- [What you will do]: When you repeat the listing below, keep every word exactly and leave out each picture.

- [Data segment]:
· · · · · · ·

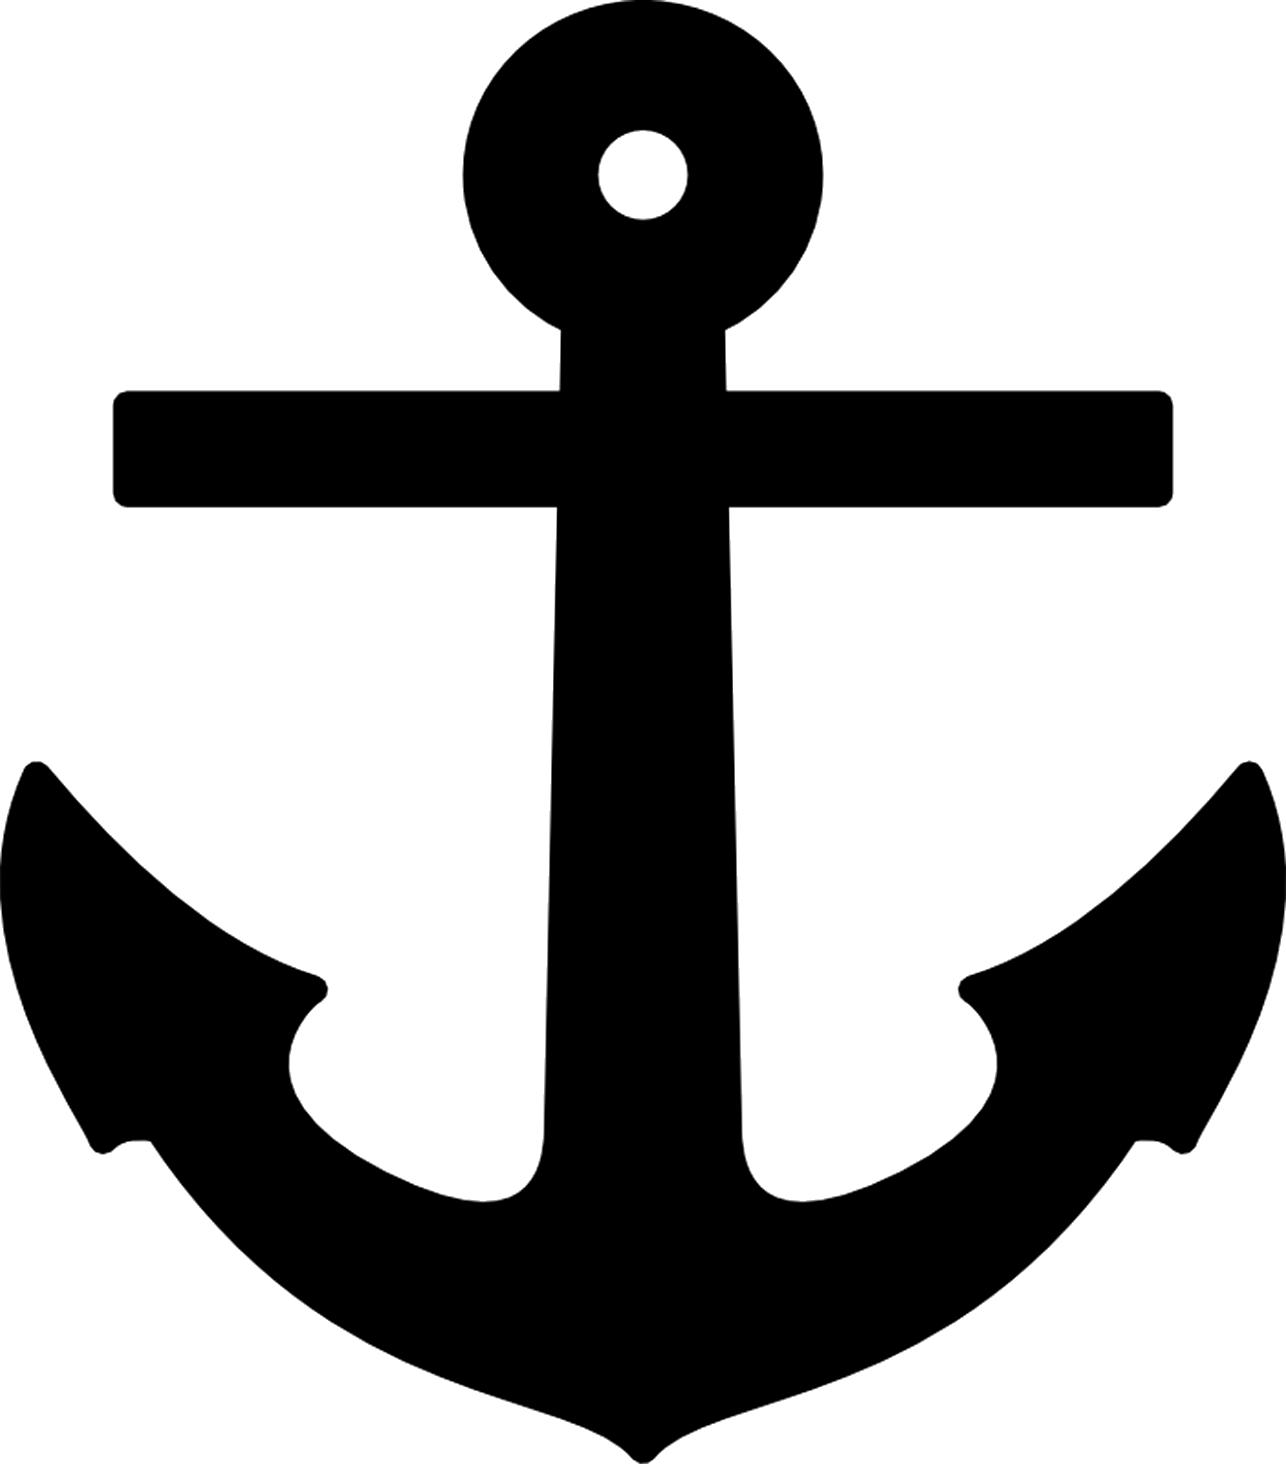 Anchor Png Image Anchor Png Image Engraving
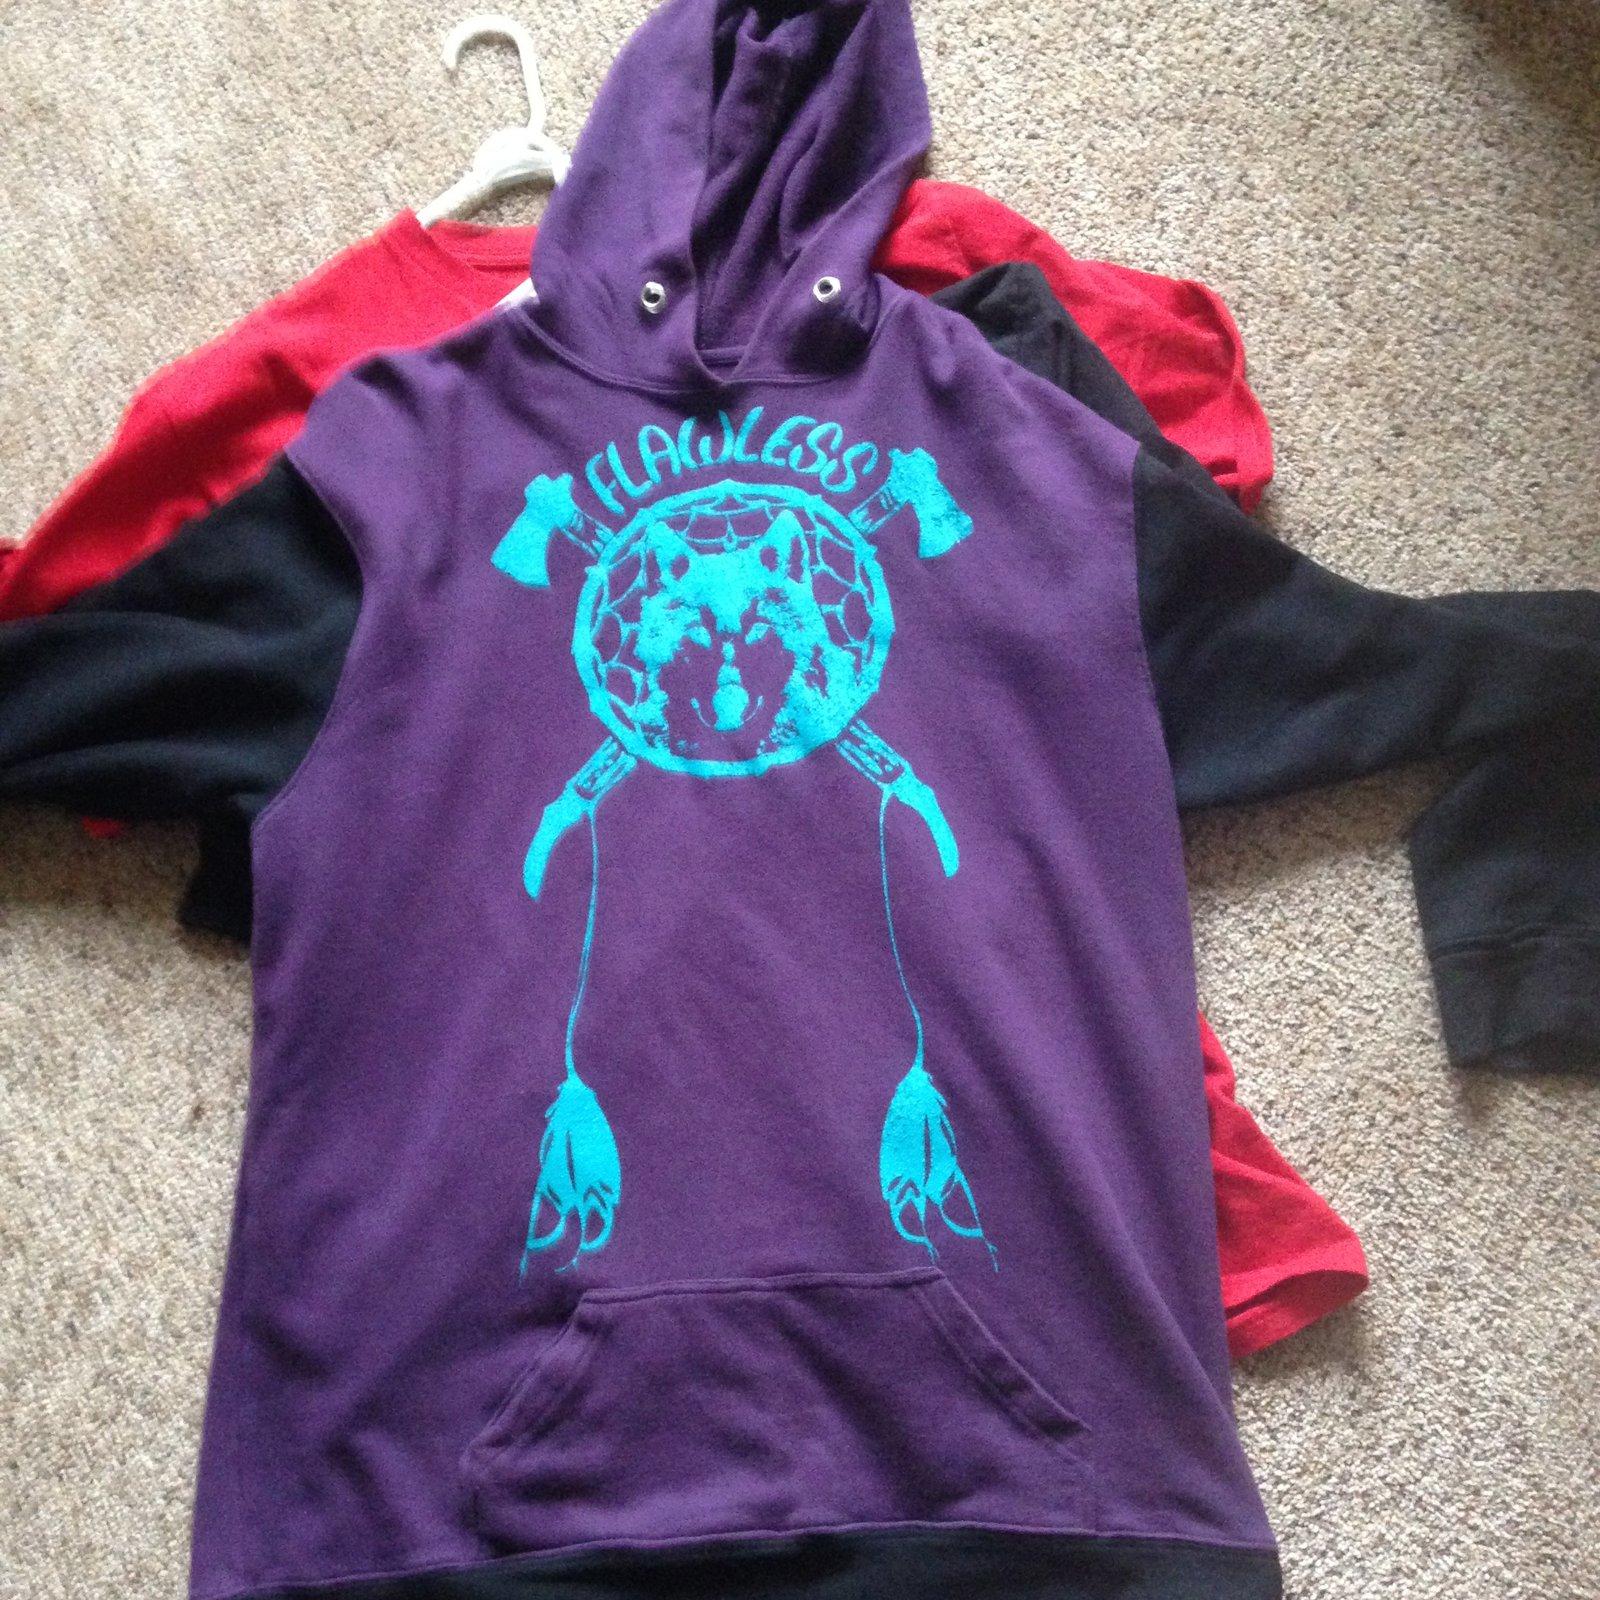 flawless 2xl hoodie new sale thread
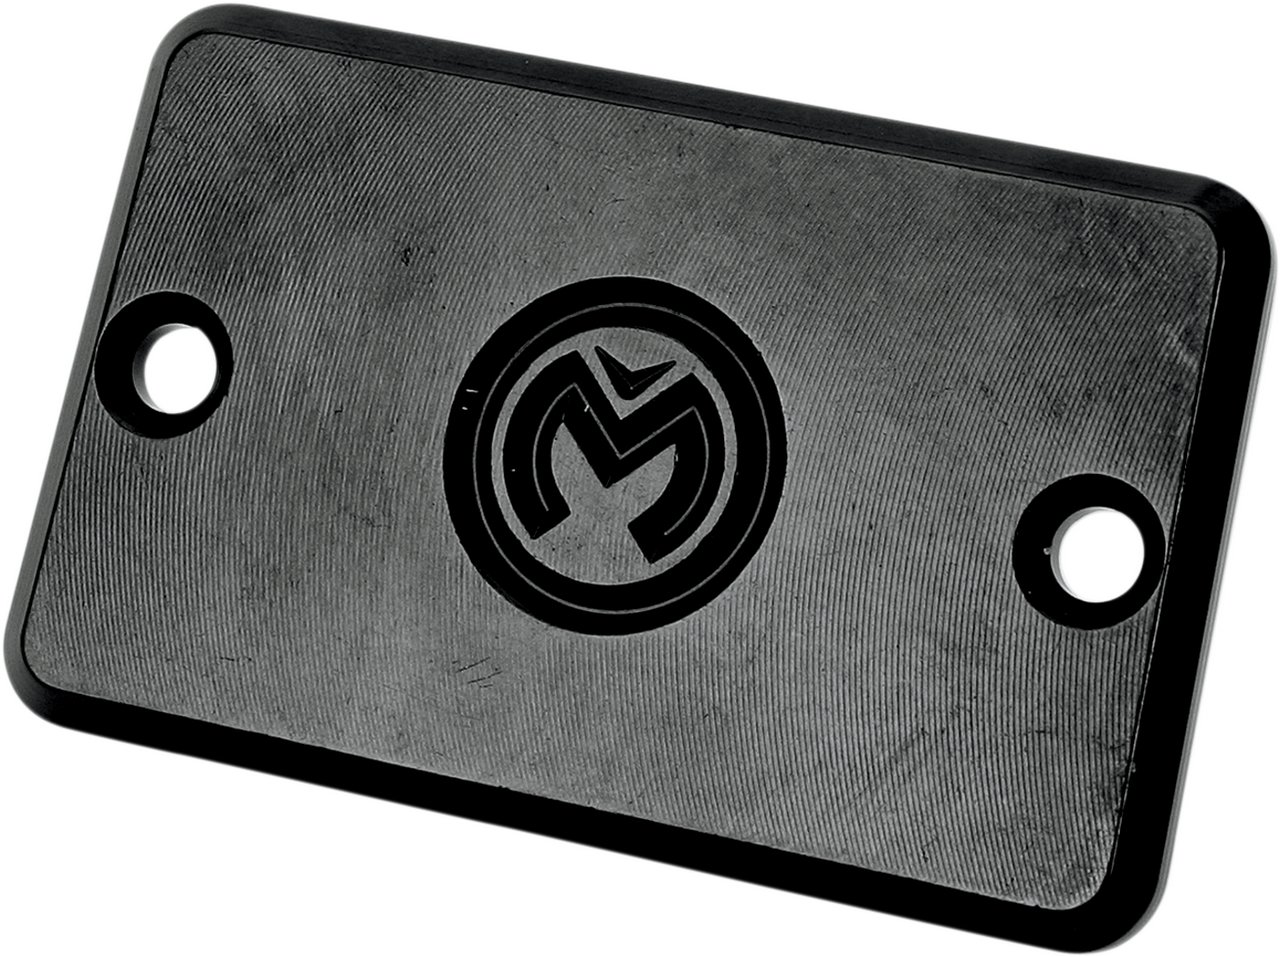 【MOOSE RACING】主缸蓋 [M860-15] - 「Webike-摩托百貨」

· · · · · · ·

- [Solution for this problem]:
 Anchor Png Image Anchor Png Image Engraving
 flawless 2xl hoodie new sale thread
 【MOOSE RACING】主缸蓋 [M860-15] - 「Webike-摩托百貨」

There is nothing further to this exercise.